However, using a similar lexical decision measure, Magliano et al. (1993) found no evidence for the online generation of consequences. Singer and Ferreira (1983) measured response times to questions about consequences such as Did the spy burn the report? after participants had read a story containing inference antecedents (e.g., The spy threw the report into the fire). The long response time to the forward inference questions indicated that consequences were not inferred during story reading but rather delayed. Notably, research methods seem to influence whether inferences of consequences are found online. For instance, in Potts et al.’s (1988) study, the lexical decision task suggested that subjects inferred possible consequences while they read, as evidenced by their faster reactions to the inference word after reading a text predicting the consequence vs. a control text which did not activate an inference. However, when the same authors used a task that contained the same materials and conditions but required subjects to name the inference word, the ability to infer consequences was not observed (i.e., there was no difference in the word naming time between the predicting and the control conditions).
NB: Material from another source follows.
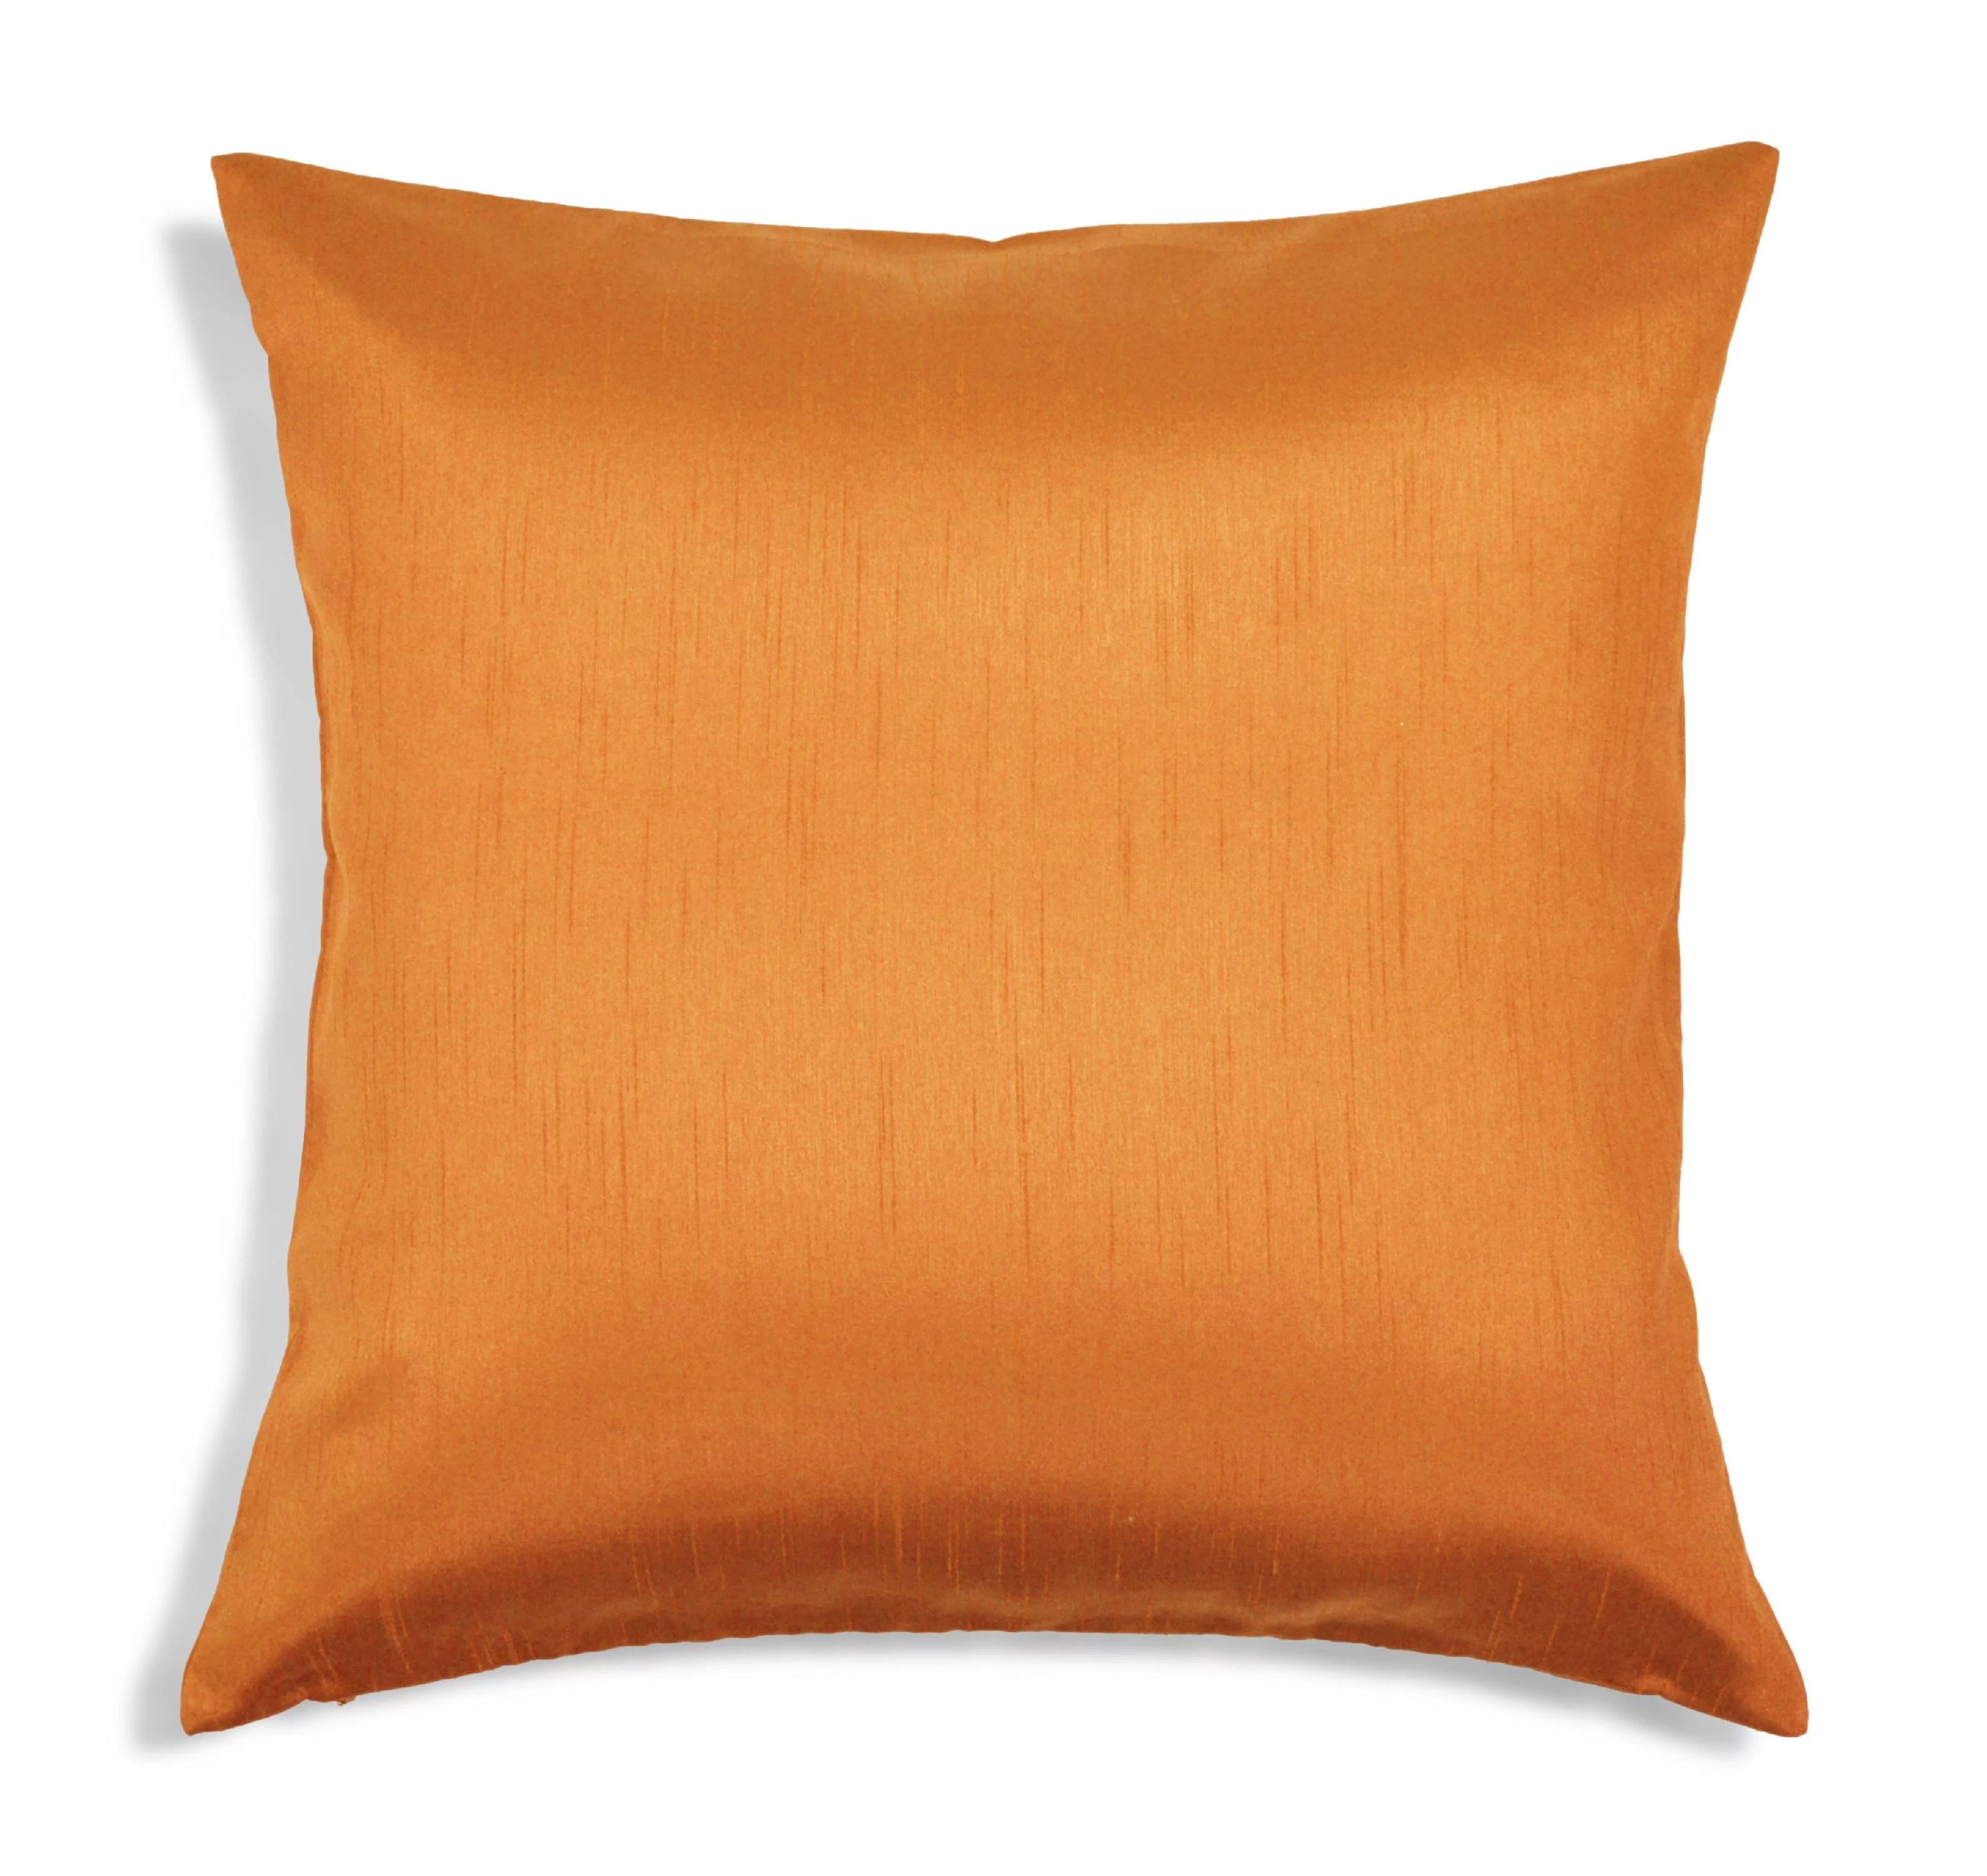 aiking home solid faux silk euro sham pillow cover 26 by 26 orange walmart com

4.2. When linguistic cues are processed

With the development of finer-grained comprehension measures, researchers are able to explore the precise time course of linguistic processing involved in causal inference. For instance, they could determine whether causal relations are established integratively at the end of a sentence with all information available or incrementally in a word-by-word fashion. An integration account was proposed and tested by Millis and Just (1994) to evaluate the processing of discourse relations. The model suggests that readers reactivate and integrate information from the first clause only at the end of the second clause, especially when a connective is present (Millis and Just, 1994). This reactivation and integration process is indicated by longer reading times in the final part of the second clause. Similar arguments that the integration of clauses happens at the end of sentences were previously made by Kintsch (1988) and Kintsch and Van Dijk (1978).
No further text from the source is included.